You can filter by `status` (e.g., only Running deployments) or by `object_id` (deployment history for a specific node).

---

## FAQ

### 1. Deployment stuck at PROD_CHECK or a Check stage

**Cause**: Check-type stages do not execute automatically; they require `exec-pipeline-run-stage` to advance.

**Solution**: Ensure the polling logic includes advancement logic -- when an `Init` stage is encountered and all prior stages are `Success`, advance it automatically.

### 2. exec-pipeline-run-stage returns success but stage status doesn't change

**Cause**: `exec-pipeline-run-stage` is an async trigger; the response only indicates successful triggering, not stage completion.

**Solution**: Continue polling and wait for the stage status to change from `Init` to `Running` and then to `Success`.

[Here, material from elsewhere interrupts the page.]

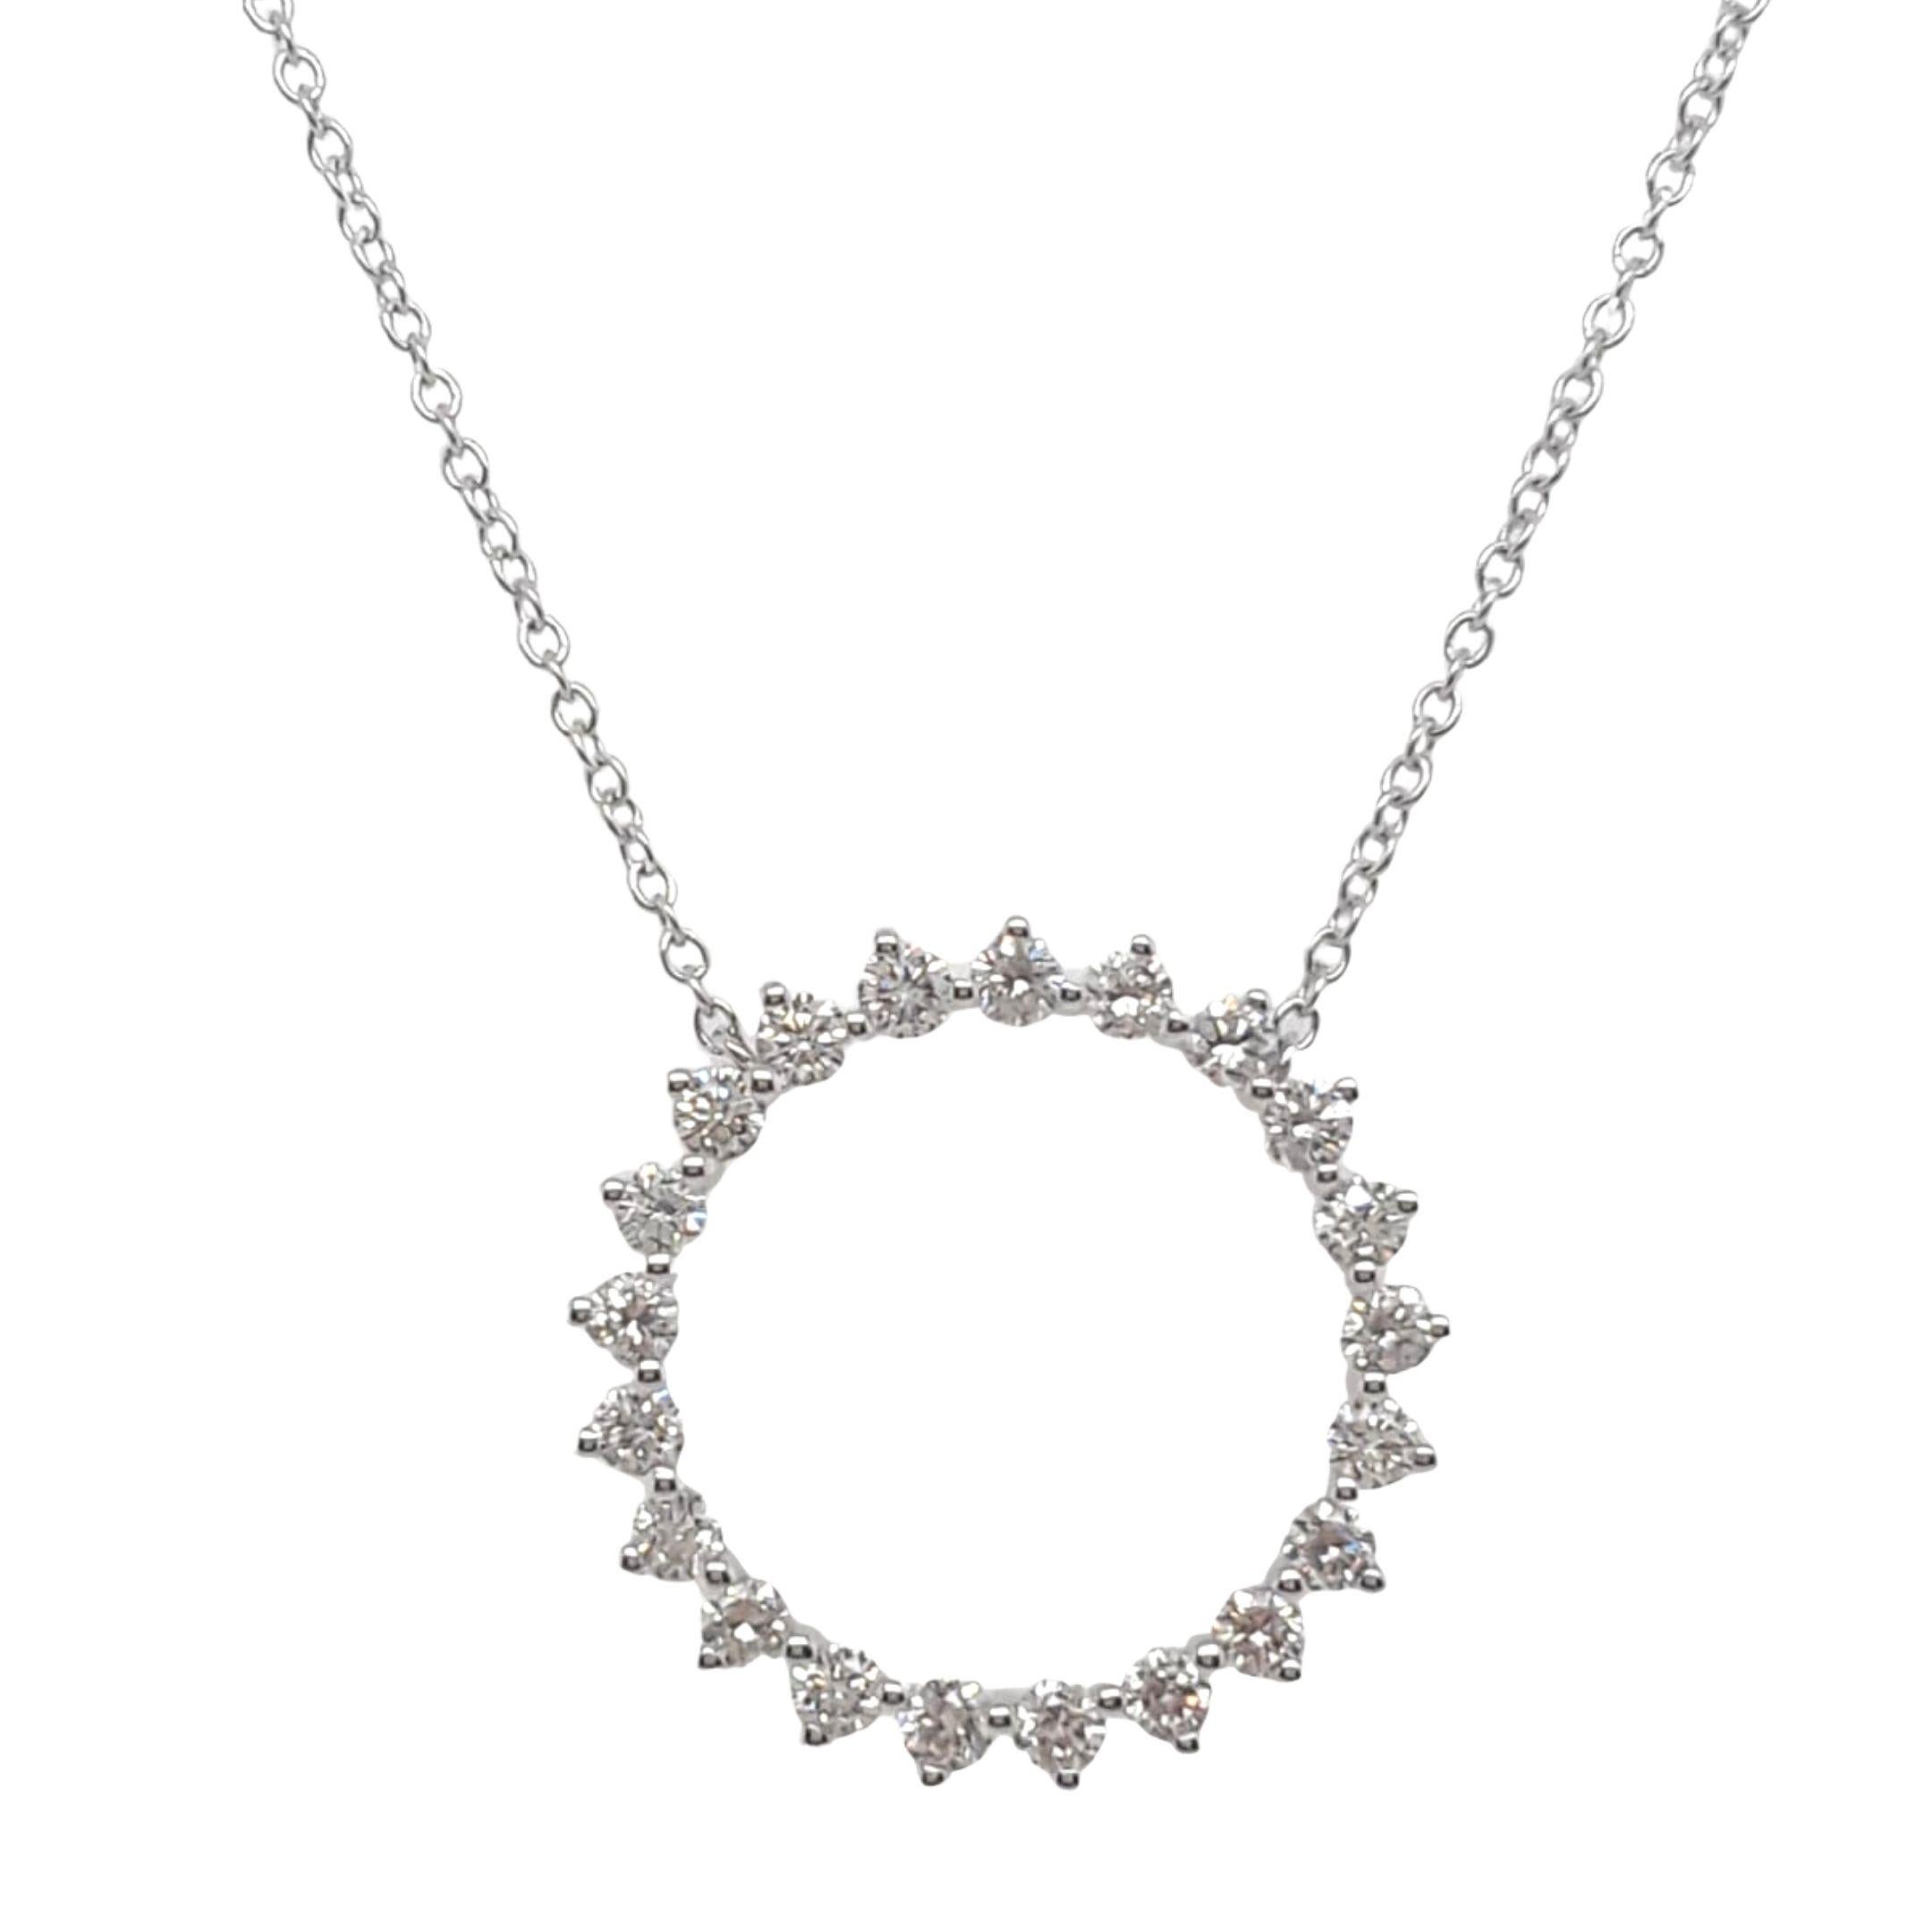 Large Circle Diamond Pendant Necklace made with real/natural brilliant cut diamonds. Diamond Weight: 0.85 carats, Diamond Quantity: 21 round diamonds. Color: G-H. Clarity: VS. Mounted on 18 karat white gold.

### 3. Approval stage cannot be advanced via API

**Symptom**: Calling `exec-pipeline-run-stage` returns an error, or the stage status remains unchanged.

**Cause**: In Standard Mode, certain stages (such as approval) require a user with specific permissions to operate manually in the DataWorks console.

**Solution**: The Agent should recognize this situation and inform the user: "The current deployment is awaiting approval. Please approve it on the Task Deployment page in the DataWorks console." After approval is completed, continue polling and advancing subsequent stages.

### 4. Deployment failed with error in Stage.Message

**Solution**: Read the `Message` field of the failed stage. Common causes include:
- Node code syntax errors
- Upstream dependency node not yet deployed
- Incorrect resource group configuration
- Insufficient permissions

### 5. Passed multiple object_ids but only the first one took effect

**Cause**: The official `create-pipeline-run` documentation states "only the first entity in the array and its child entities will be successfully deployed."

**Solution**: To deploy multiple independent entities, create separate PipelineRuns. If the nodes are within the same workflow, simply deploy the workflow ID to include all child nodes.

### 6. Deployment is stuck and needs to be cancelled

**Solution**: Call `abolish-pipeline-run` to cancel. After cancellation, the Pipeline status changes to `Cancel`.

### 7. Deployment during the bulk instance generation window

**Note**: The period from 23:30 to 24:00 each day is the bulk instance generation window. Deployments during this period will not take effect until the **third day** after the operation, not the next day. Avoid deploying during this window.